Immerhin gab es heute Neuigkeiten zum Thema Einreise: Man will wohl nun überprüfen, die Reisebeschränkungen für vier Länder aufzuheben – Ländern, in denen die COVID-19-Lage unter Kontrolle zu sein scheint: Vietnam, Thailand, Australien und Neuseeland. Zu diesen vier Ländern unterhält Japan wichtige Wirtschaftsbeziehungen, und so lange diese vier Länder genauso denken, dürfte diese Entscheidung im Interesse aller sein.
Es gibt keine Therapie, es gibt keinen Impfstoff und über die Spätfolgen ist nichts bekannt. Wen es einen erwischt und ein schwerer Verlauf ansteht, dann spielt man russisch Roulette mit dem Sensenmann. Dennoch ist bei vielen Menschen so (nicht nur Politiker) dass das Virus und seine Gefährlichkeit noch nicht angekommen ist und man tut so als ob es sich um eine laufende Nase mit Husten handelt.
Für all diejenigen die den Mund zu gerne Voll nehmen, besucht doch bitte mal eine Intensivstation mit Coronainfizierten in den EU-Ländern die es schlimmer erwischt hat als Deutschland.

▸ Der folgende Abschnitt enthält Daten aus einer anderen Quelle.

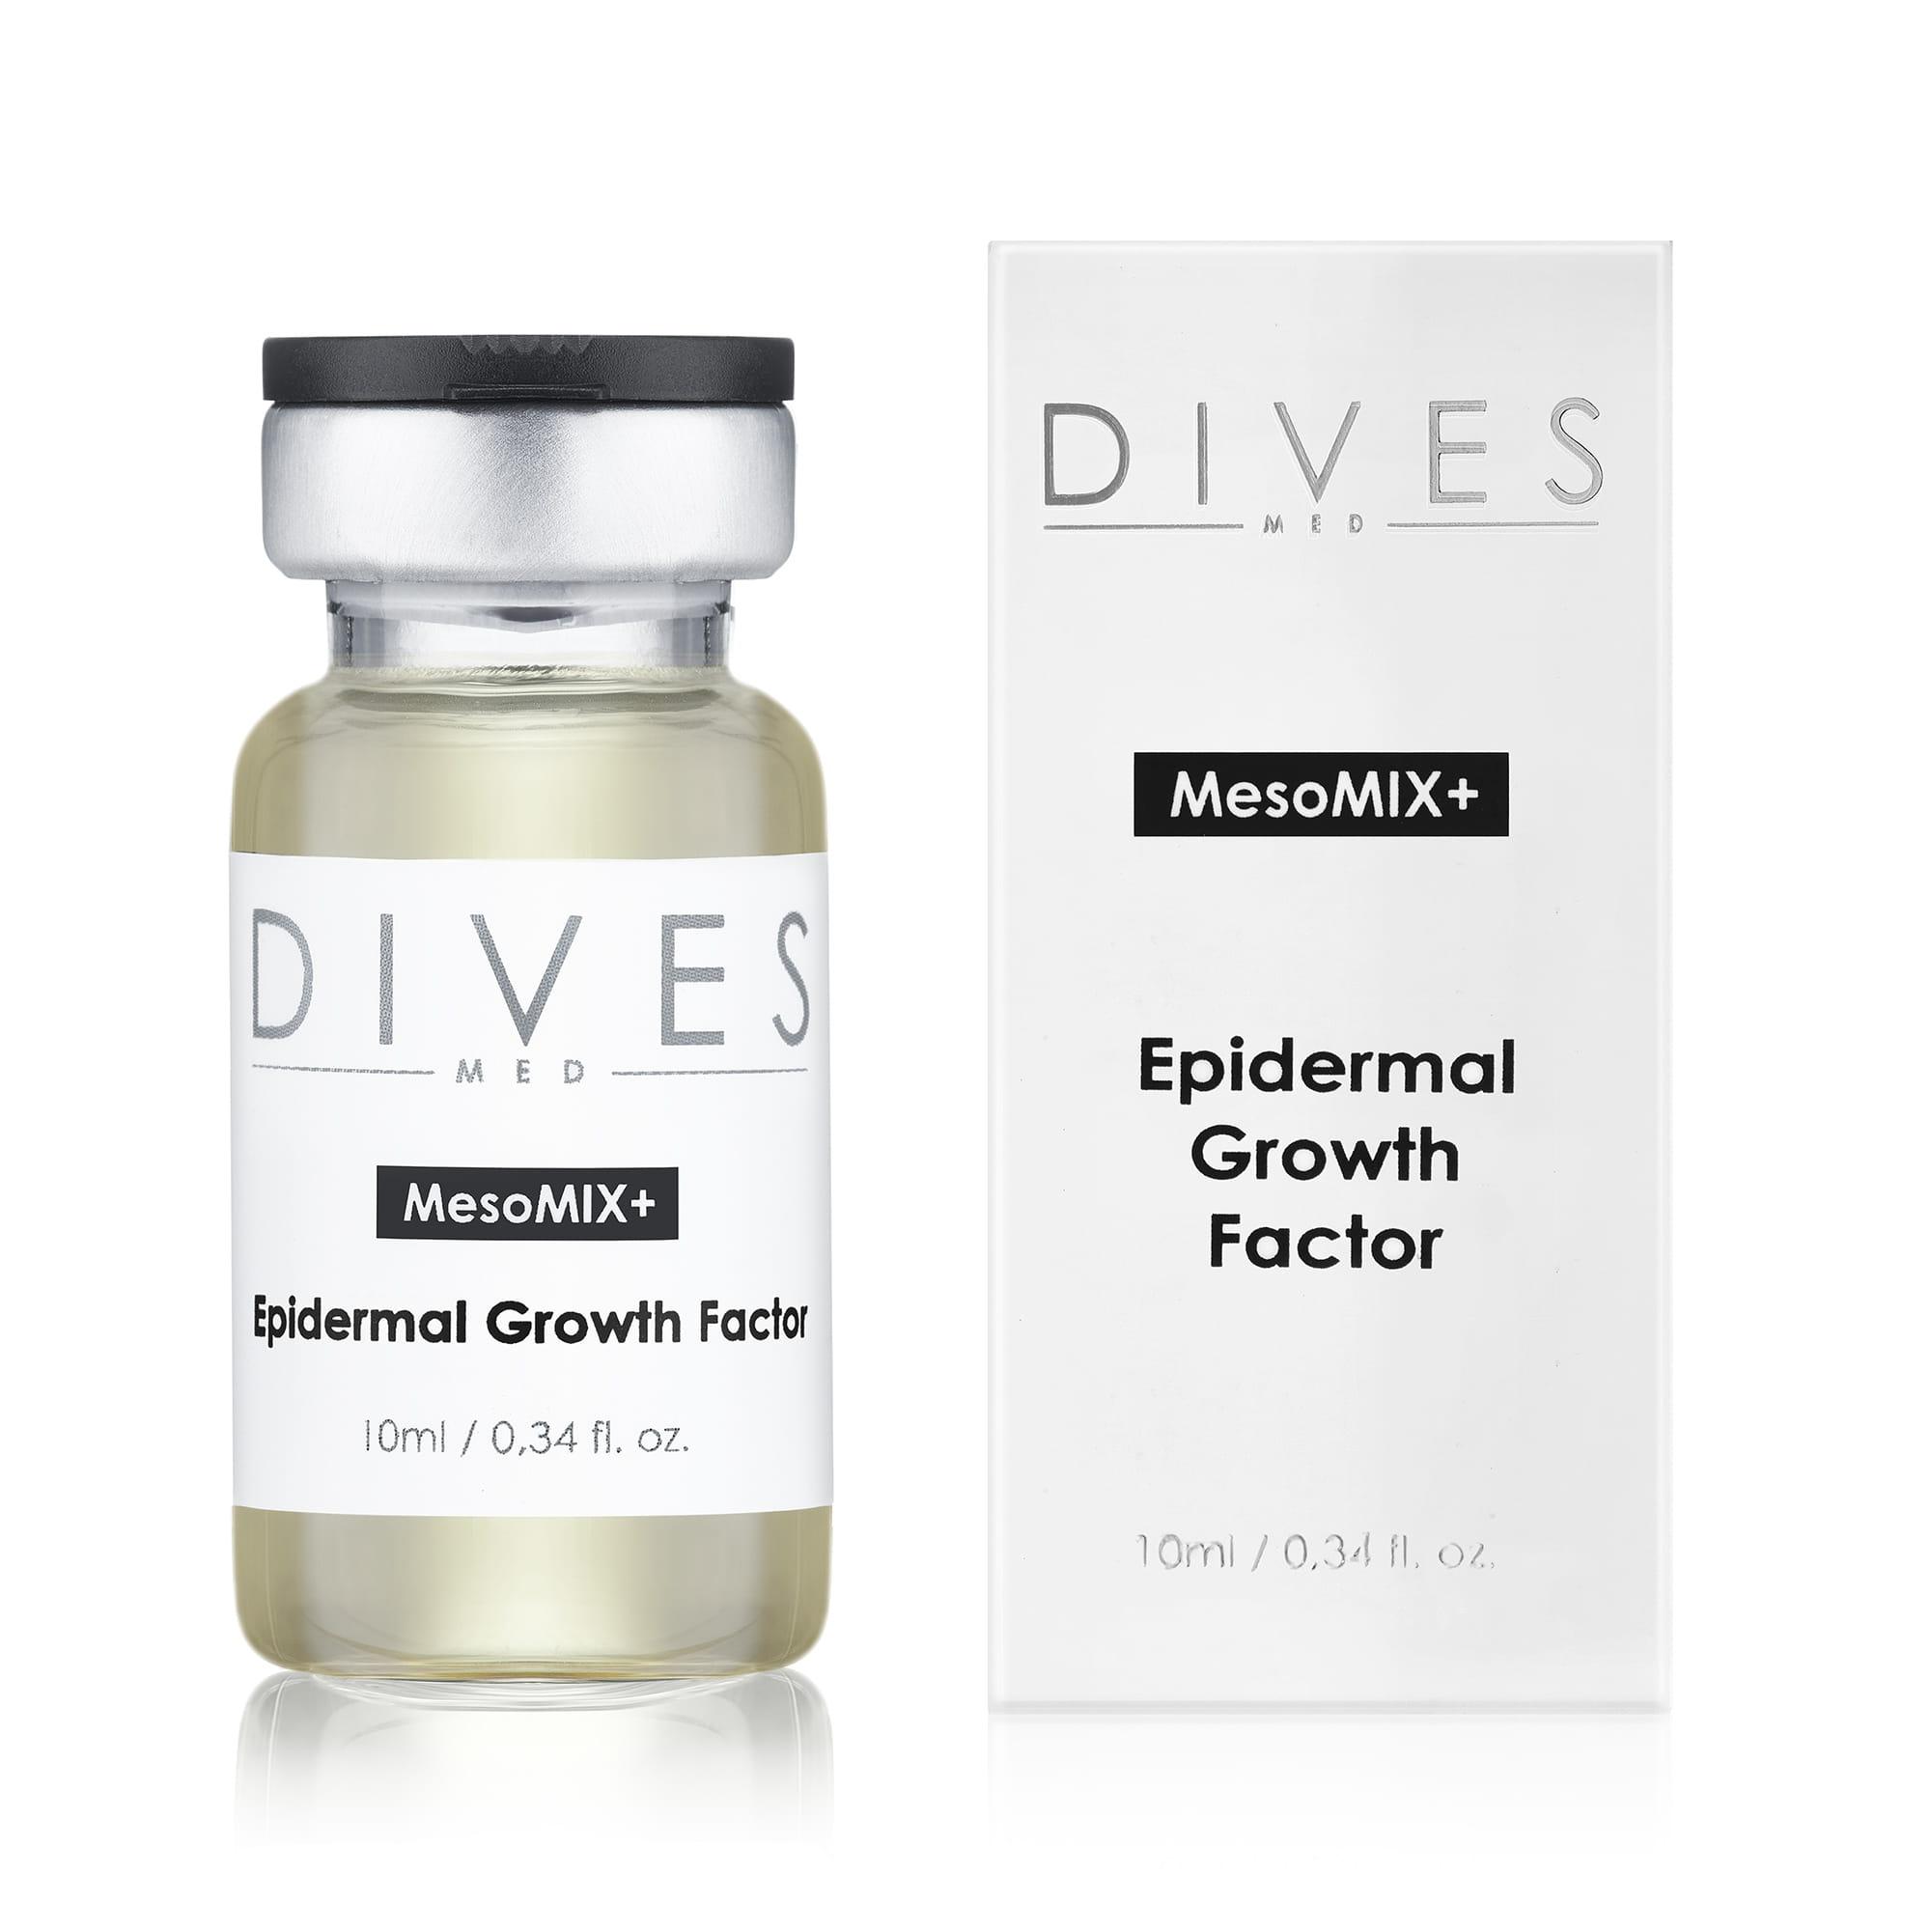 DIVES Med. Epidermal Growth Factor EGF 10ml

Videos über die Zustände in Brasilien gibt es bei YouTube, Facebook und Co. Berichte von BBC über die Zustände in kaputt gesparten Krankenhäusern in GB kann man sich auch gerne zu genüge führen.

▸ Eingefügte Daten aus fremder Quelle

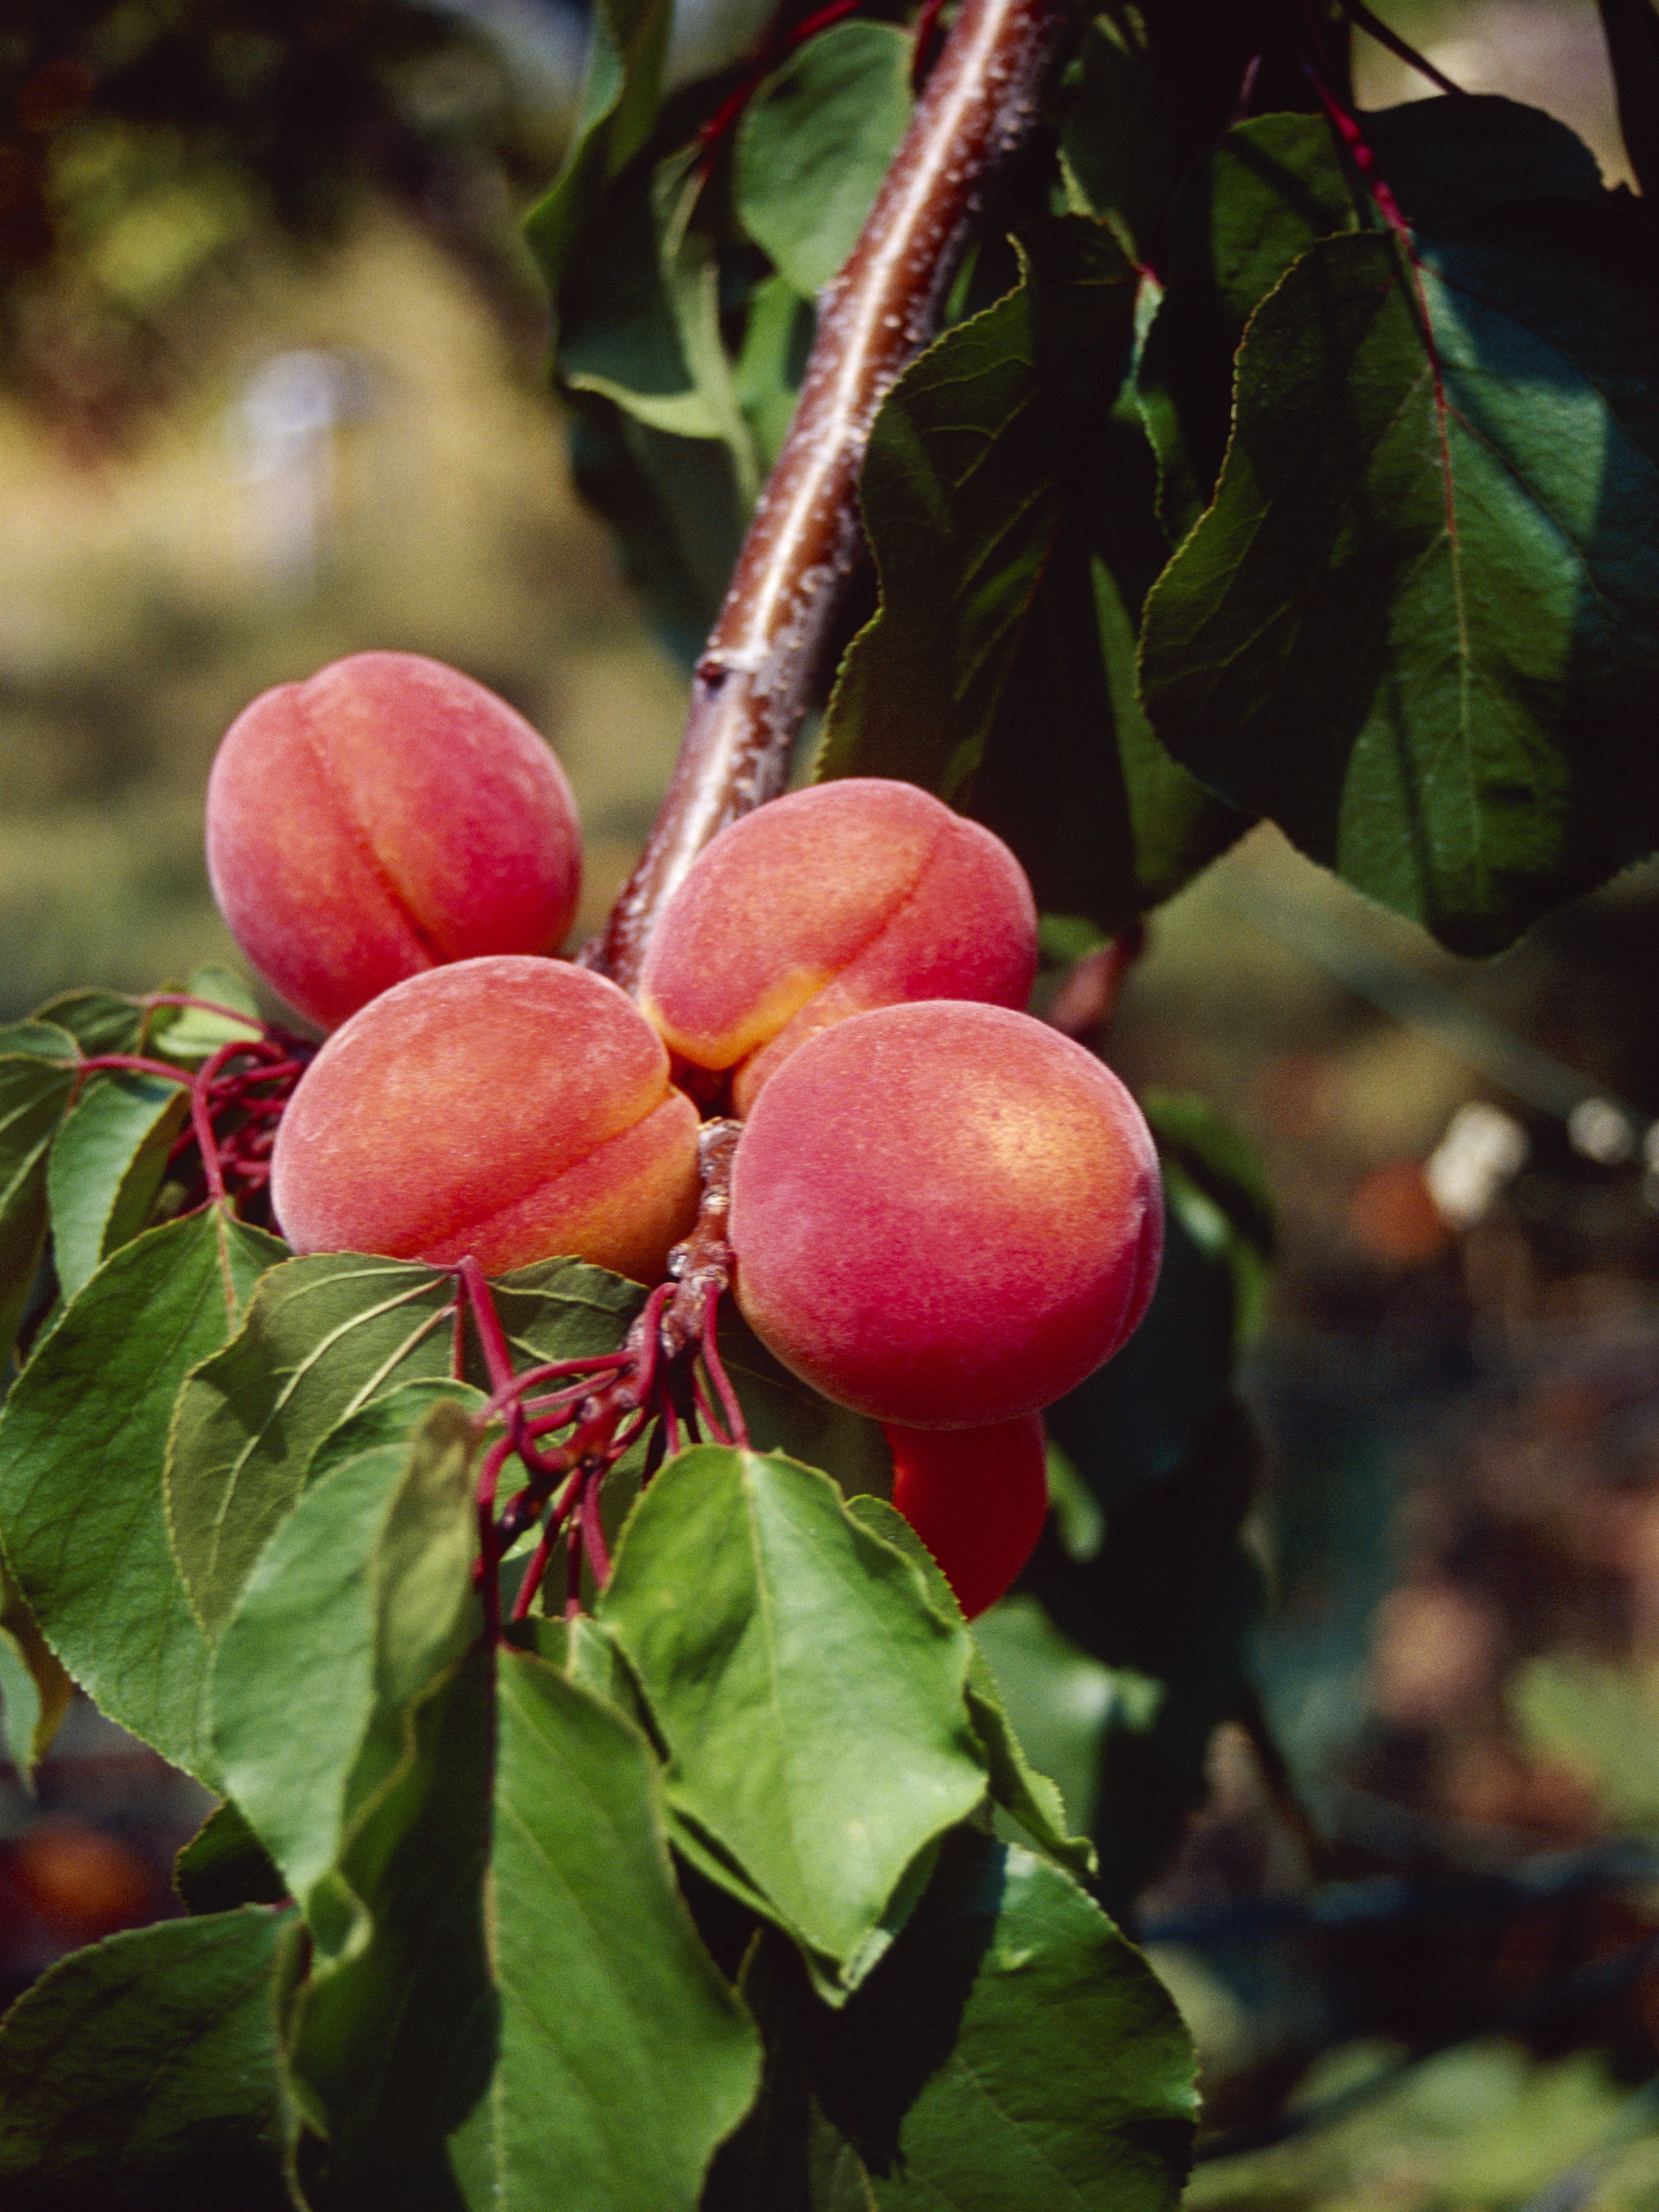 Spray Program for Peach Trees | Home Guides | SF Gate

Schlimm finde ich, dass wir unsere Kinder in Schule und Kitas schicken. Egal aus welchen egoistischen Gründen auch immer unser wertvollstes Gut der Wirtschaft opfern.
Ich finde dieses Gefeilsche ebenfalls schlimm. Wenn schon der Satz mit “Ja, aber …” beginnt, schwillt mir der Kamm. Nein, nichts aber, hier geht es um Menschenleben.
Was muss ich da gestern im Tagesspiegel sehen. Direkt an meinem alten Wohnort in Berlin wird vor dem Urban Krankenhaus eine dicke Rave Party abgehalten. Und dann wundern sich die Leute, dass es außerhalb Asiens mehr Tote zu beklagen gibt?
Einige Nord- und Ostseebäder waren überlaufen. Abstandhalten gleich null. Masken kannte man auch nicht. Zu Shoppen wird in die Beneluxstaaten gefahren. Gleiches Bild in den Städten. Und dann will der Thüringer Ministerpräsident die Regeln am 6. Juni aus setzen und will das schwedische Vorbild einführen. Was heißt, auf die Vernunft der Menschen setzen. Weltfremder geht es nicht mehr.